Disney’s Succession Plan: Who’s In and Who’s Out in the Race to Rule the Magic Kingdom | Analysis

​The hunt for a successor to Disney CEO Bob Iger is heating up after the entertainment giant appointed former Morgan Stanley CEO James Gorman as chairman of the Disney board this week, confirming that a new CEO would be appointed in “early 2026.”

The race as it currently stands seems to be narrowing on an executive from Disney’s creative ranks, which means the co-chairs of Disney Entertainment — Dana Walden and Alan Bergman — have the early lead. Walden, who clearly has the leading position, would be Disney’s first female CEO in its 101-year history.

An individual with knowledge of Iger’s thinking told TheWrap earlier this month that former executives Tom Staggs and Kevin Mayer are not seen as succession candidates for the top job, even after the duo returned to Disney last year as consultants with their private equity firm Candle Media. Iger has frequently stated that his successor would need to be someone steeped in Disney’s creative and storytelling foundation.

The pressure is mounting on Disney’s board to make a prudent choice, especially given the disastrous attempts to find a successor to Iger after his previous 15-year stint as CEO.

After several failed attempts, in early 2020 Disney named Bob Chapek to succeed Iger. Chapek, who worked in Disney’s home video division, along with consumer products and parks, oversaw a folly filled tenure that included angering Marvel Studios star Scarlett Johansson, a bungled response to Florida’s Don’t Say Gay bill and an extreme devaluation of Pixar movies. In November 2022, the board removed Chapek and reinstalled Iger.

Once back at Disney, Iger largely undid the organizational changes that Chapek had made. When Iger took the stage in August for the Disney Studios presentation at D23, a kind of all-Disney Comic-Con held outside Disneyland, he received a standing ovation.

But the impact of that bungled succession has lingered. Earlier this year, Disney fended off activist investor Nelson Peltz in a months-long proxy battle. One of his main criticisms for the decline in Disney’s stock price from its all time-high of $201.91 in 2021 to a 52-week low in October 2023 was the company’s succession failures, which he blamed partly on a board that was “too closely connected” to Iger. (As of the end of Tuesday’s trading session, Disney stock closed at $96.74 apiece.)

Disney’s next CEO also will have to confront the AI revolution, which has implications not only for the content that Disney generates but for the experiences it provides in its theme parks and cruise ships.

“One of the skill sets that the next CEO is going to have to have is the ability to understand how large language models can benefit the company through acquisitions or partnerships, and that involves threading multiple needs with the creative teams that Disney employs, the actors who are still needed and want to insure that they’re fairly compensated, and making sure the output generated by the models is still under the control of the company,” one person with knowledge of the situation said.

In the race

Dana Walden, co-chairman of Disney Entertainment

If you’re looking for an executive on the creative side, it’s hard to find one more accomplished than Walden. 

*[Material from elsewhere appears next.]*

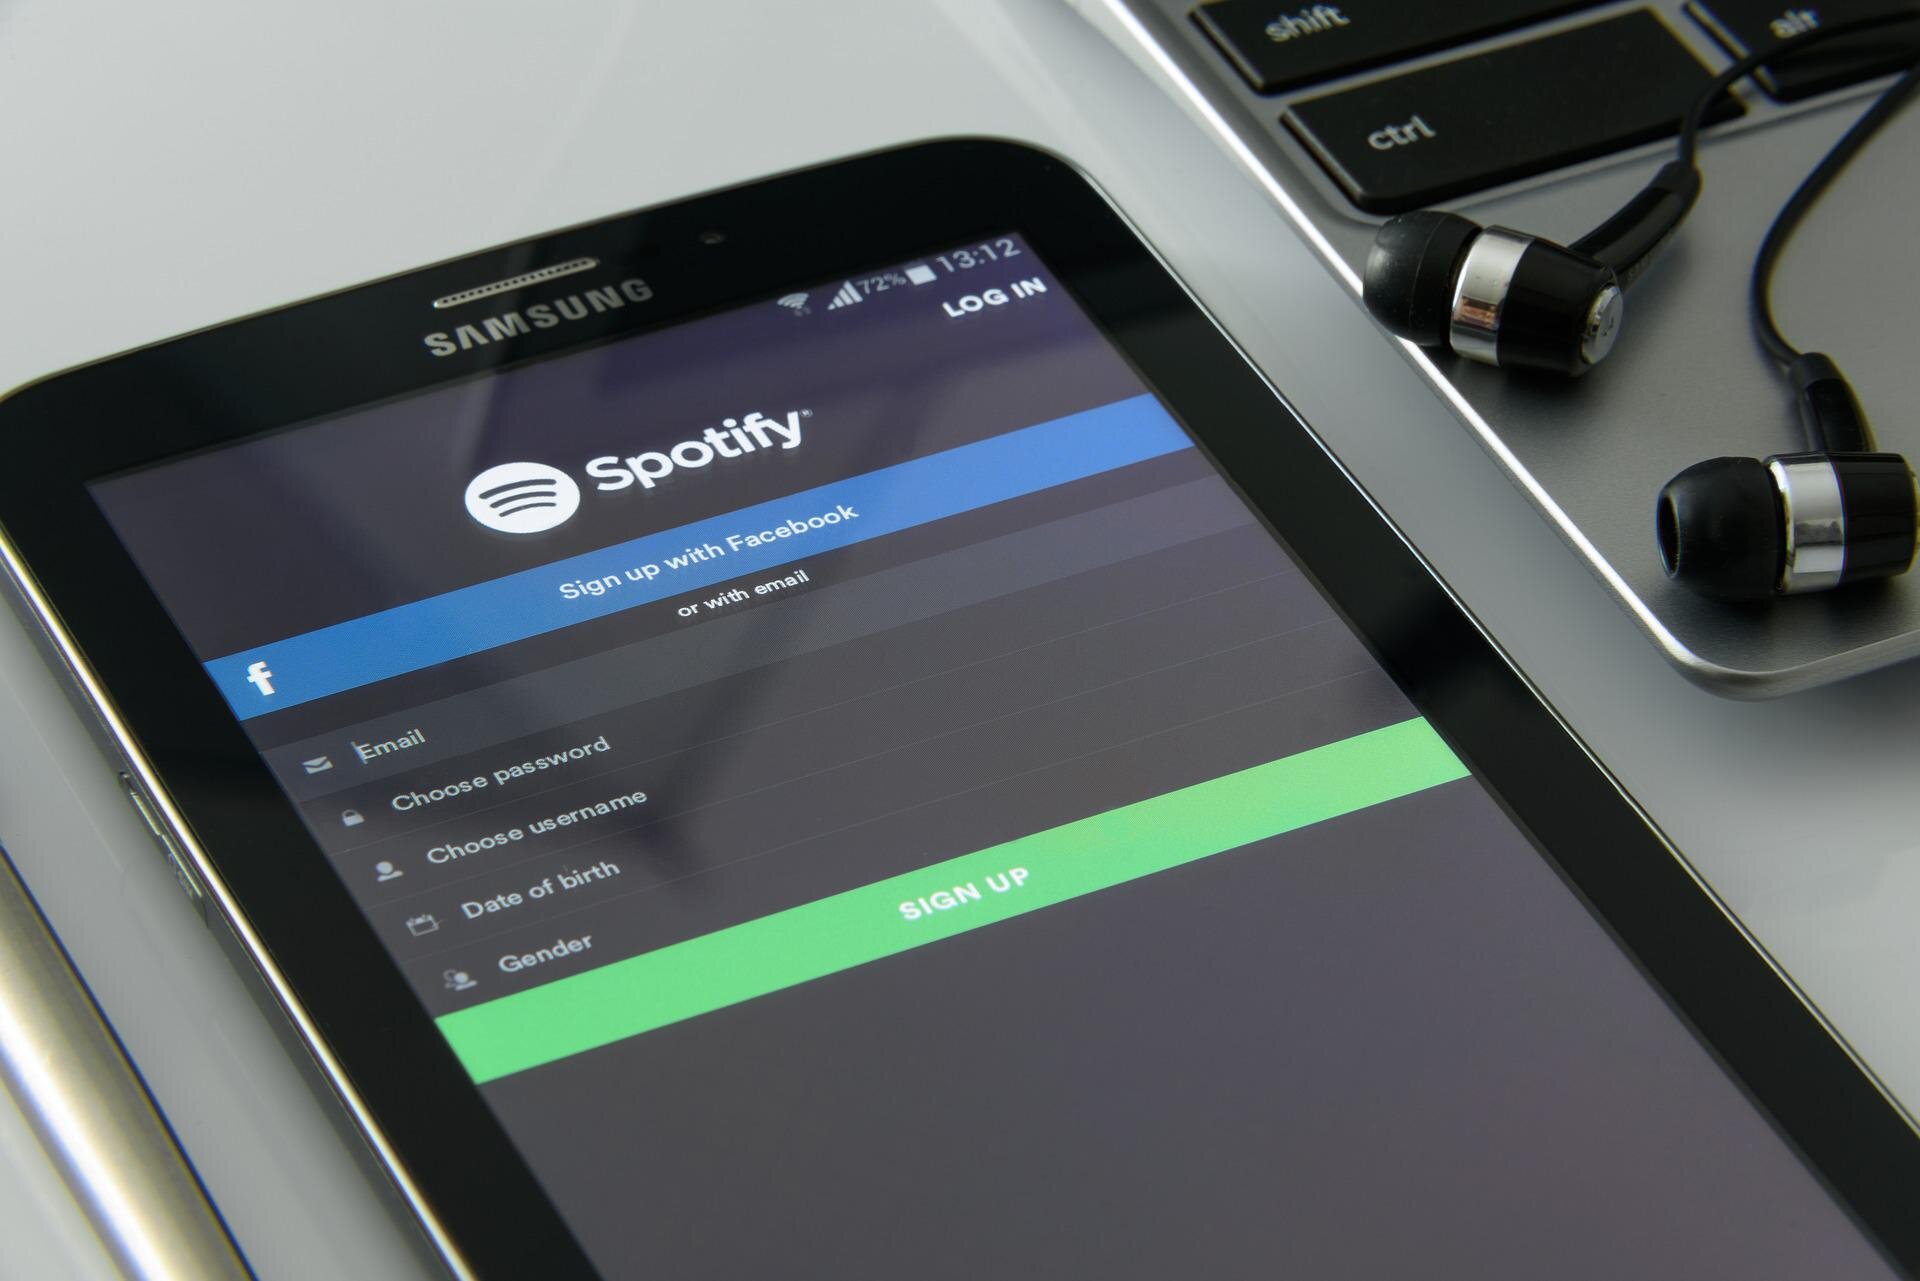 Spotify launches audiobook store with some 300,000 titles

In 2024 alone, Disney programming under her leadership earned a staggering 395 Emmy nominations and 116 wins. These included victories across all TV spaces from streaming (“The Kardashians”), broadcast entertainment (“Abbott Elementary”), broadcast news (“Good Morning America”) and the mighty winner on cable (“Shōgun”).

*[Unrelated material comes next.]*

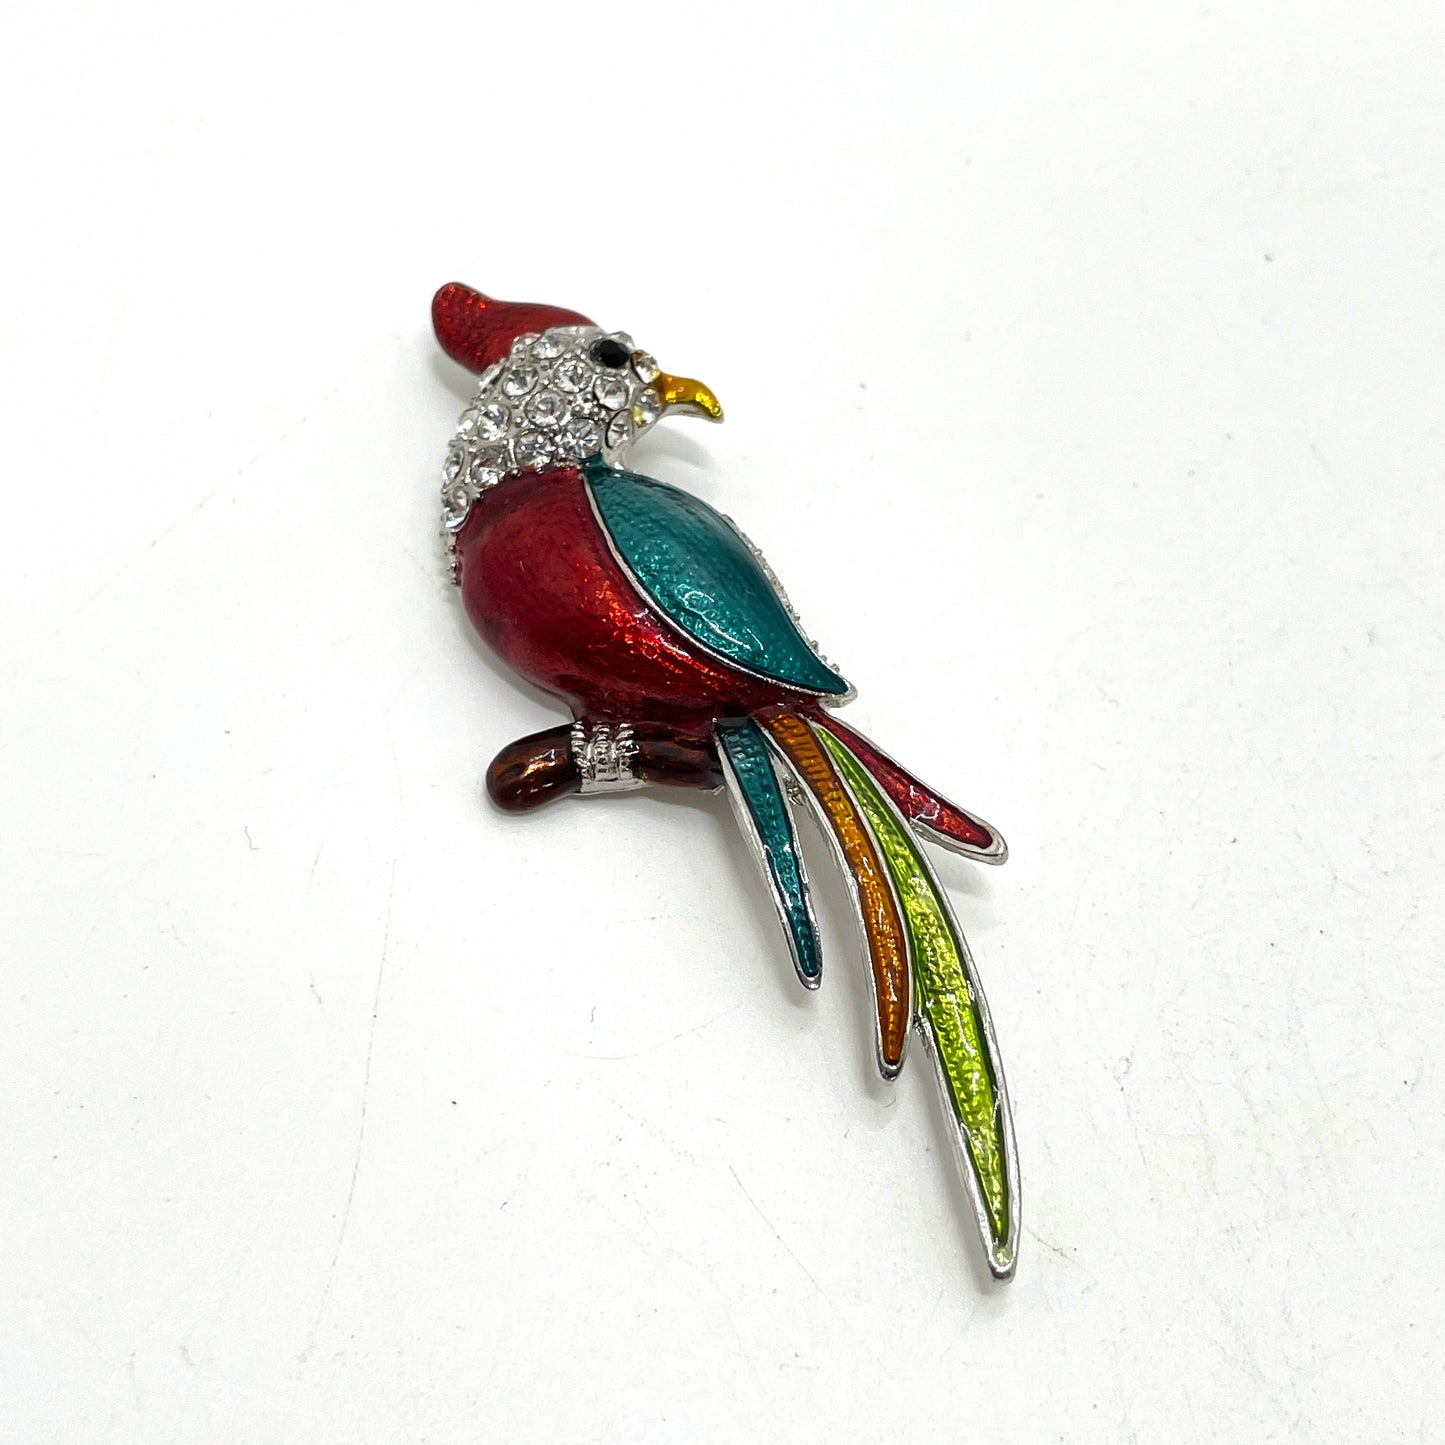 Enamel Parrot Pin with Crystals

Dana Walden, co-chair of Disney Entertainment (Getty Images)

Walden has also proven that she has an eye for talent. At Fox, she advocated early for Ryan Murphy and pushed to create “Glee,” a partnership that has earned millions for her former company and later Disney. That also proves her talent relationships move with her from company to company.

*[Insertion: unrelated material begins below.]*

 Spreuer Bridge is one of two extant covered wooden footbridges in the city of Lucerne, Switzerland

Walden was also behind the development and production of massive hits like “24,” “Grey’s Anatomy” and “American Idol.” There’s also the Fox of it all. Before joining Disney, Walden served as the CEO of Fox Television Group. Her transition from Fox to the current state of Disney proves she can successfully lead during a merger or acquisition, an essential skill for anyone who’s hoping to head Disney. 

While she clearly has creative chops, that’s only one part of Disney. Unlike D’Amaro, Walden doesn’t have any experience overseeing Parks or Resorts, which comprise the Experiences segment of Disney that pulled in 36% of the company’s revenues and 71% of its profits last quarter. That may be an obstacle but not an insurmountable one with the right team. 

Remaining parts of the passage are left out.